Problems in $\sqrt{5x+4}=x-2$ So when I solve $\sqrt{5x+4}=x-2$, I end up with $x(x-9)=0$. Yet only when $x=9$ is the original inequality satisfied. Can somebody give me some details on what exactly goes wrong here? 
 A: I guess you started by squaring both sides:
$$\sqrt{5x+4} = x+2 \tag{A}$$
$$5x+4 = (x+2)^2 \tag{B}$$
While it is true that $(A)$ implies $(B)$, the other direction does not hold. Maybe a simple example is following: While $3^2 = 9 = (-3)^2$ is true, $3 = -3$ is clearly not true.
So if some $x = x_0 $ satisfis equation $(A)$ it must also satisfy the second equation $(B)$, but if some $x = x_1$ satisfies equation $(B)$ it does not necessarily satisfy $(A)$.
A: If you insert $x=0$, you can see what goes on:
$$
\sqrt{5\cdot0+4}=2\\
0-2=-2
$$
These are different. However, the moment you square both sides, you don't see this difference any more, as both sides become $4$.

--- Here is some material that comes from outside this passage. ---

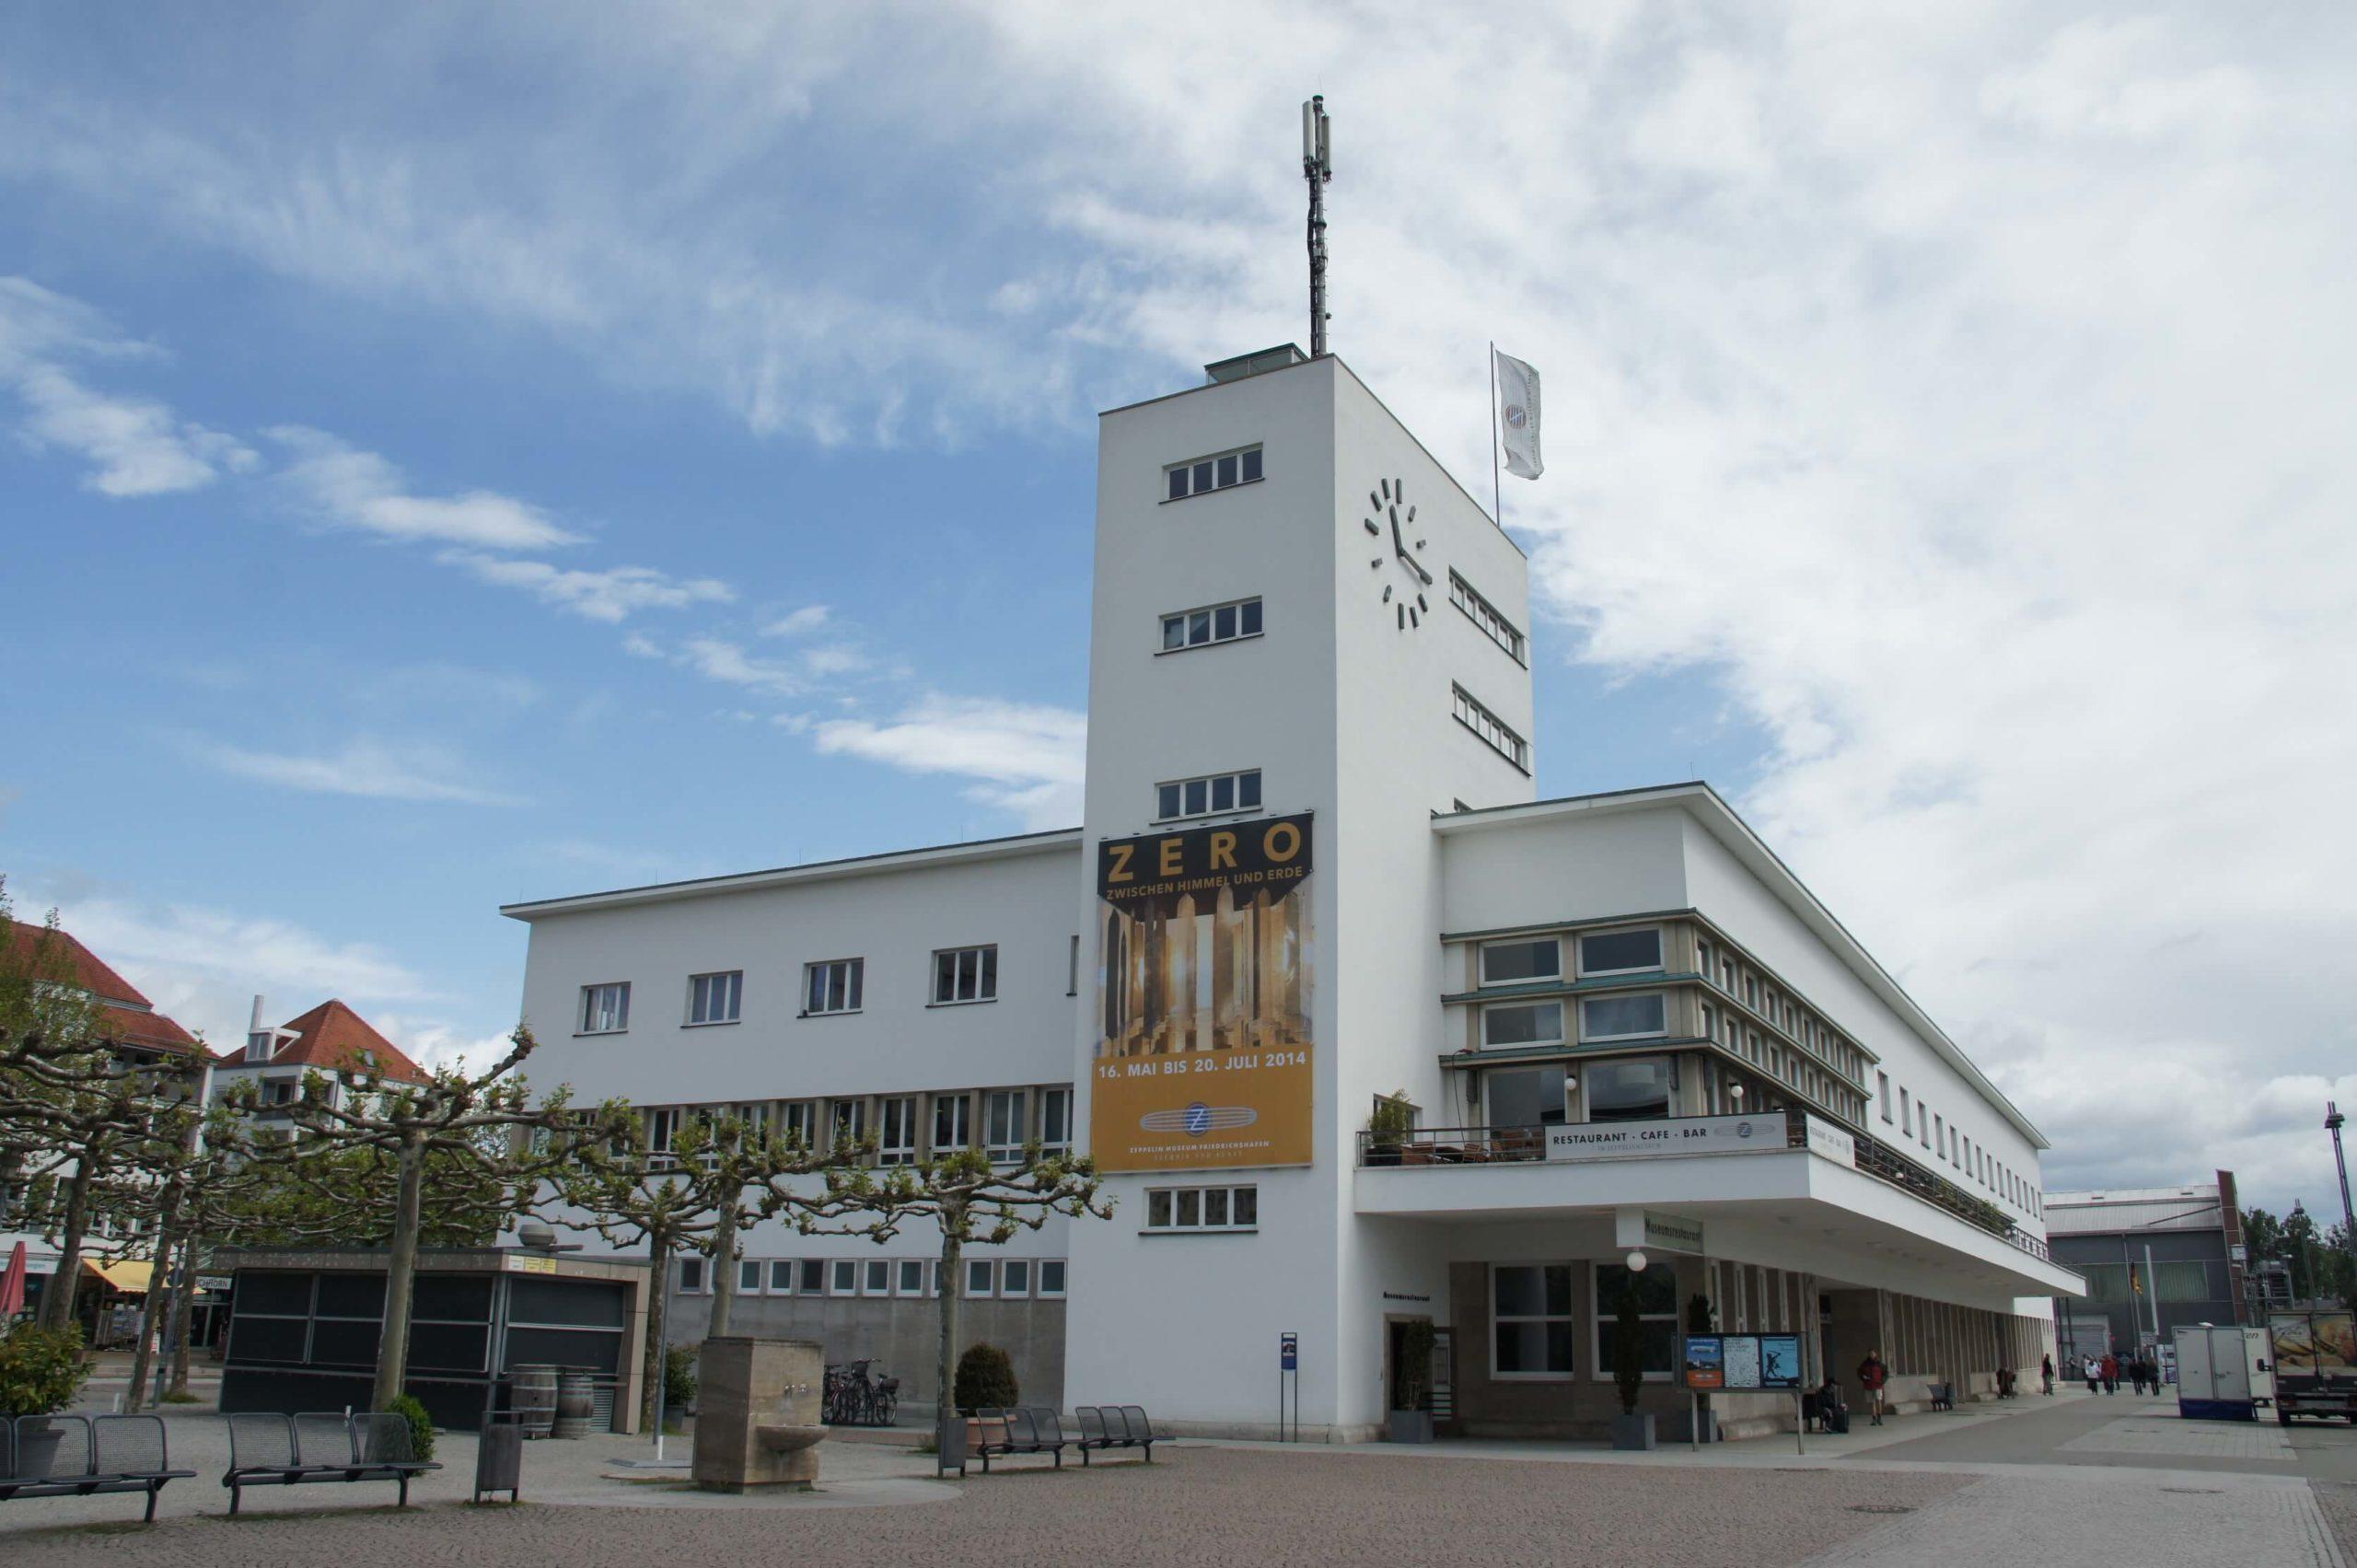 Friedrichshafen – Germany

In general, when you square an equation, in addition to the actual solutions where the left-hand side is equal to the right-hand side of the original equation, you suddenly include the cases where the left-hand side is the negative of the right-hand side.
A: It is just because$$\sqrt{5x+4}=x-2\implies5x+4=(x-2)^2,\tag1$$but this is not an equivalence. However, it is clear that, if $x<2$, then the equality $\sqrt{5x+4}=x-2$ cannot hold (since $\sqrt{5x+4}\geqslant0$ and $x-2<0$). And if you restrict $x$ to $[2,\infty)$ then, yes, $(1)$ is an equivalence.

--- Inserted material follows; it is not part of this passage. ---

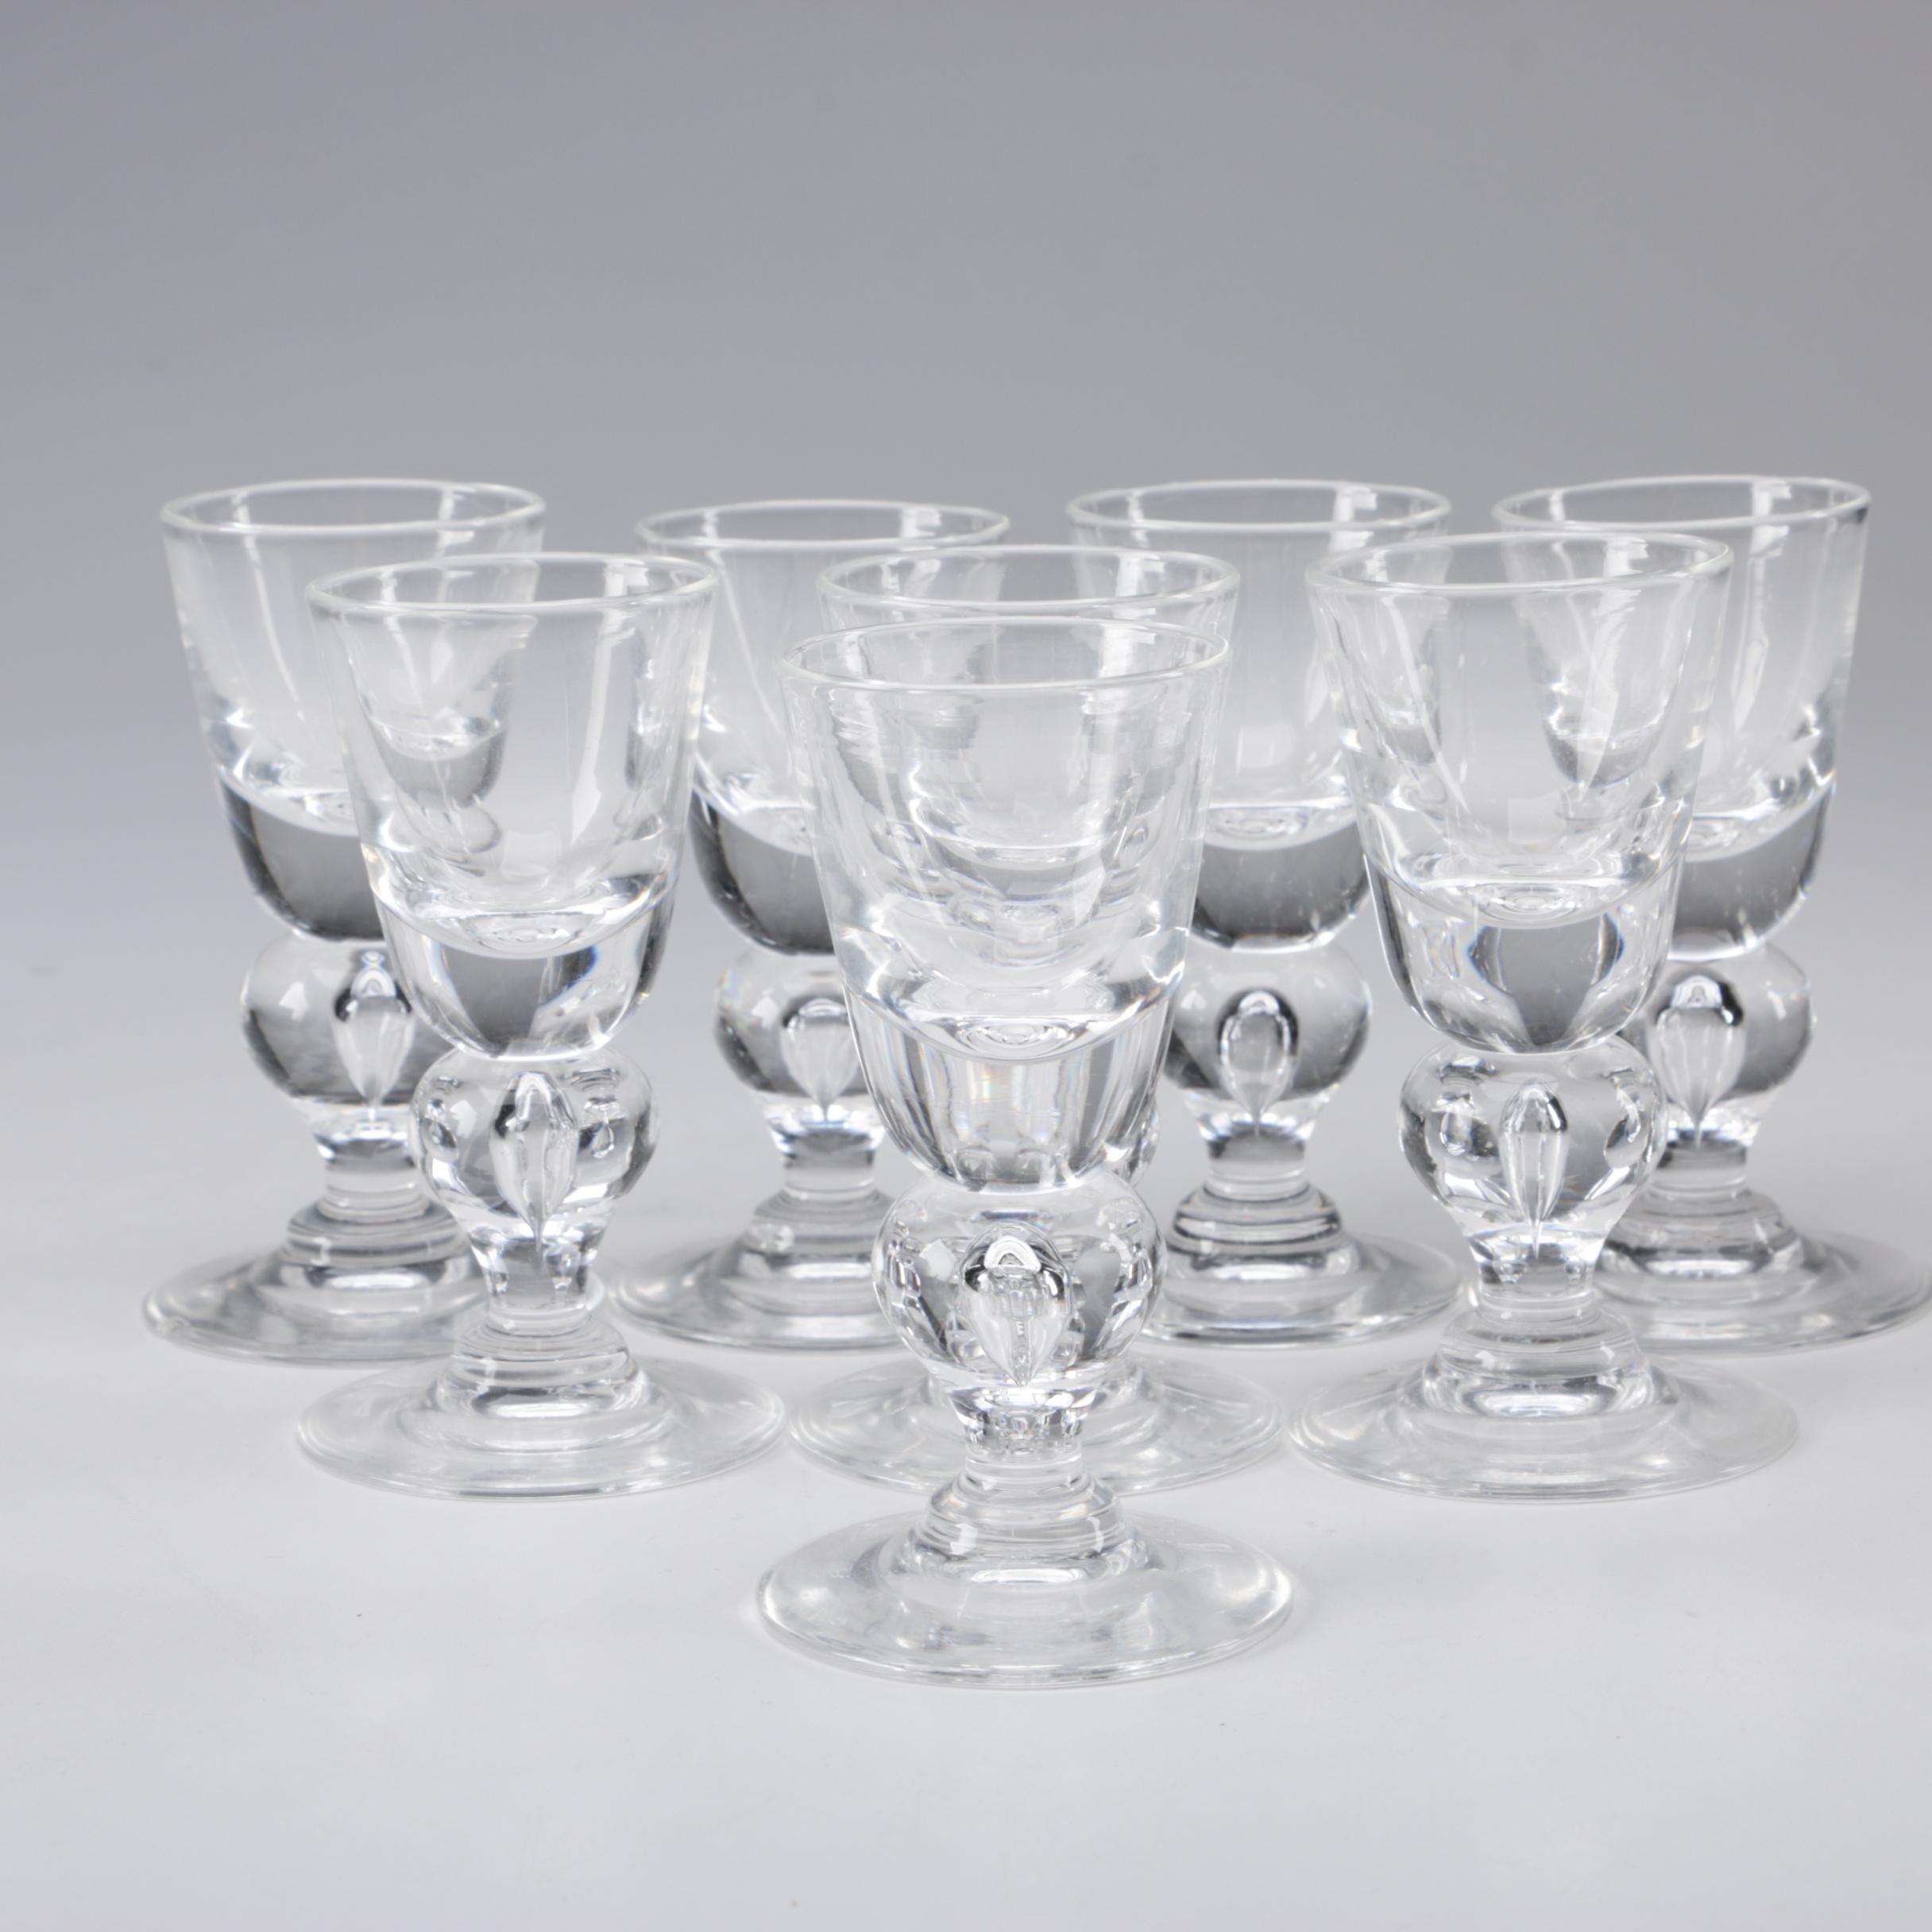 Steuben Art Glass Cordial Glasses Designed by George Thompson, Circa 1940s

A: At $x=0$, the LHS is $2$, while the RHS is $-2$. So the new solution come from squaring both sides, because $(2)^2=(-2)^2$.

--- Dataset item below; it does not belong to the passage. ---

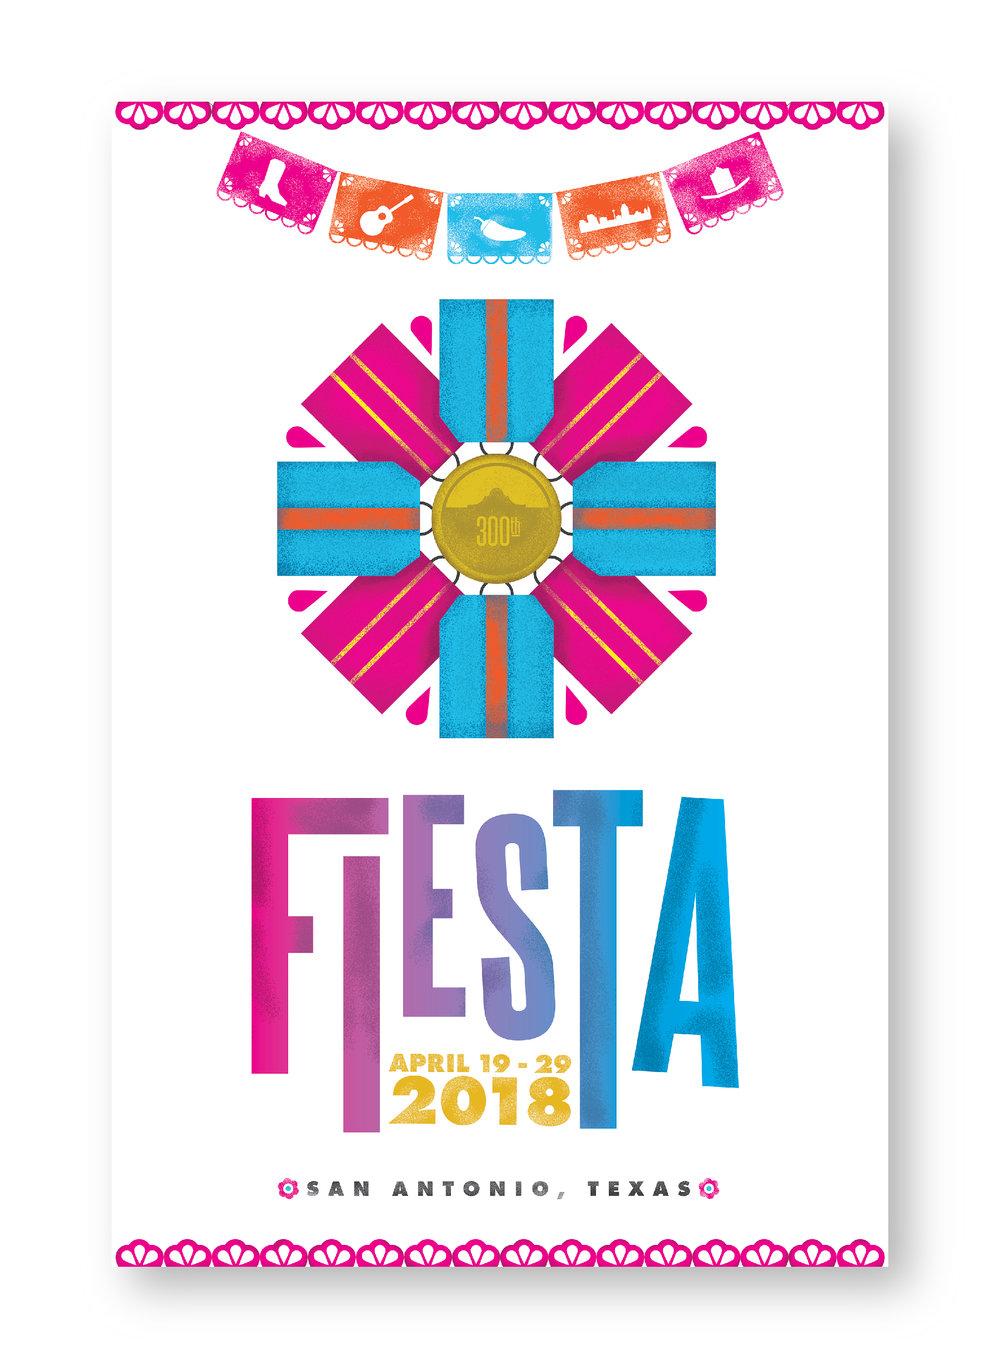 fiesta_website-01.jpg

A: When you square both sides to solve, you create an extra incorrect answer. See, at x=0, the squares of both sides of the equation are equal, but the sides of the original equation are not. The constraint that x-2 cannot be negative is lost in the process of squaring, and thus an extra solution is created. 
A: As a general rule, when you are trying to solve an equation with radicals in the form $\sqrt{P(x)}>Q(x)$, you have to solve the following system:
$$\left\{\begin{matrix}
P(x)\geq0
\\Q(x)\geq0
\\P(x)=Q(x)^2
\end{matrix}\right.$$
So, I have:
$$\left\{\begin{matrix}
5x+4\geq0
\\x-2\geq0
\\5x+4=x^2-4x+4
\end{matrix}\right.$$
The solutions of the system are: $x(x-9)=0$ but $x=0$ isn't acceptable, so the only correct is $x=9$.